Finite linear recurring sequences and homogeneous ideals (Q1924549)

Let \(K\) be a finite field and \(s\) a finite sequence over \(K\). A linear recurrence relation of order \(L\) for \(s\) is a finite sequence \(a\) over \(K\) of length \(L\) such that \[ s_{j+L}= \sum_{i=0}^{L-1} a_is_{i+j} \text{for} j=0,1,...,n-1-L, \] \noindent where \(n\) is the length of \(s\) (\(a\) is satisfied by \(s\)). Given a set \(\Sigma\) of finite sequences over \(K\), the synthesis problem is to find a linear recurrence relation \(a\) of least order such that \(a\) is satisfied by \(s\) for all \(s\) in \(\Sigma\).

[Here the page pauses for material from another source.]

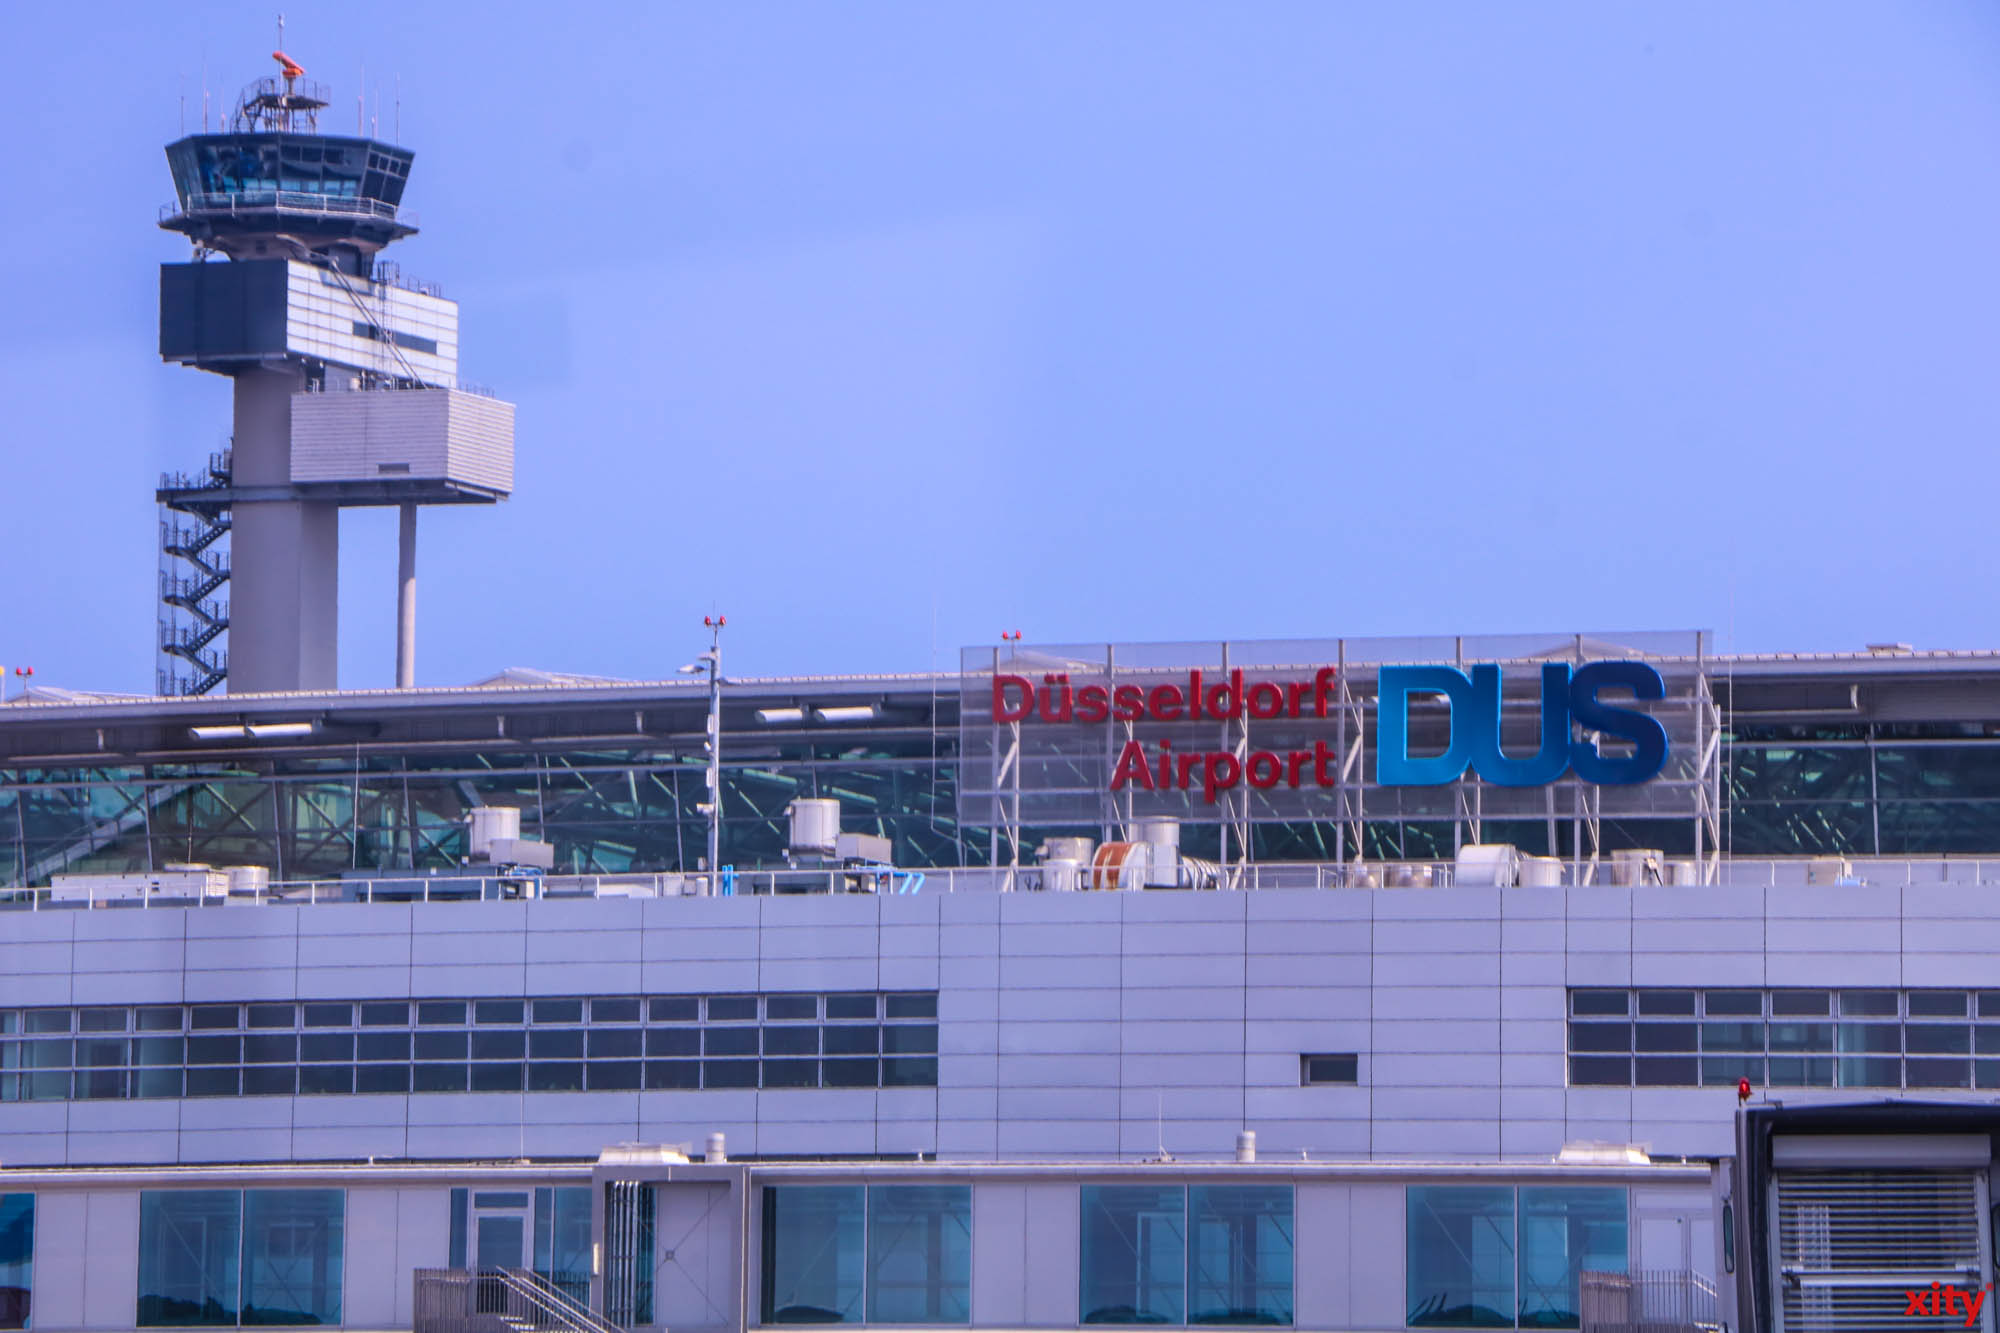 Flughafenverband sieht Flughäfen gegen Coronavirus gewappnet

In section 2 and section 3 the authors study the space of linear recurrence relations satisfied by a set \(\Sigma\) of finite sequences by a homogeneous ideal in the polynomial ring in two variables over \(K\) (the annihilator ideal Ann\((\Sigma)\)). They prove that the class of Ann\((\Sigma)\) for nontrivial finite \(\Sigma\) coincides with the class of homogeneous primary ideals \(I\) in \(K[x,y]\) whose associated prime is the irrelevant maximal ideal. Furthermore, given \(I\), using Gröbner basis techniques, an explicit formula for the minimal cardinality of a finite \(\Sigma\) such that Ann\((\Sigma)=I\) is derived. In section 4 it is shown how the Berlekamp-Massey algorithm, a tool which solves the synthesis problem for a single finite sequence \(s\), can be used to compute a minimal Gröbner basis (with respect to graded-lexicographic order with \(X > Y\)) of Ann\((s)\). A sufficient condition for this basis to be reduced is given. Moreover, for an arbitrary finite set \(\Sigma\) one can determine Ann\((s)\) for each \(s \in \Sigma\) with the above algorithm and Ann\((\Sigma)\) can be obtained by using Gröbner basis methods for the intersection of ideals. The latter is made precise in theorem 4, which constitutes an explicit description of the solution set of the synthesis problem in terms of characteristic polynomials corresponding to linear recurrence relations. The paper is an important contribution to Algebraic Systems Theory. It is well written and contains various examples illustrating the algorithmic part of the work.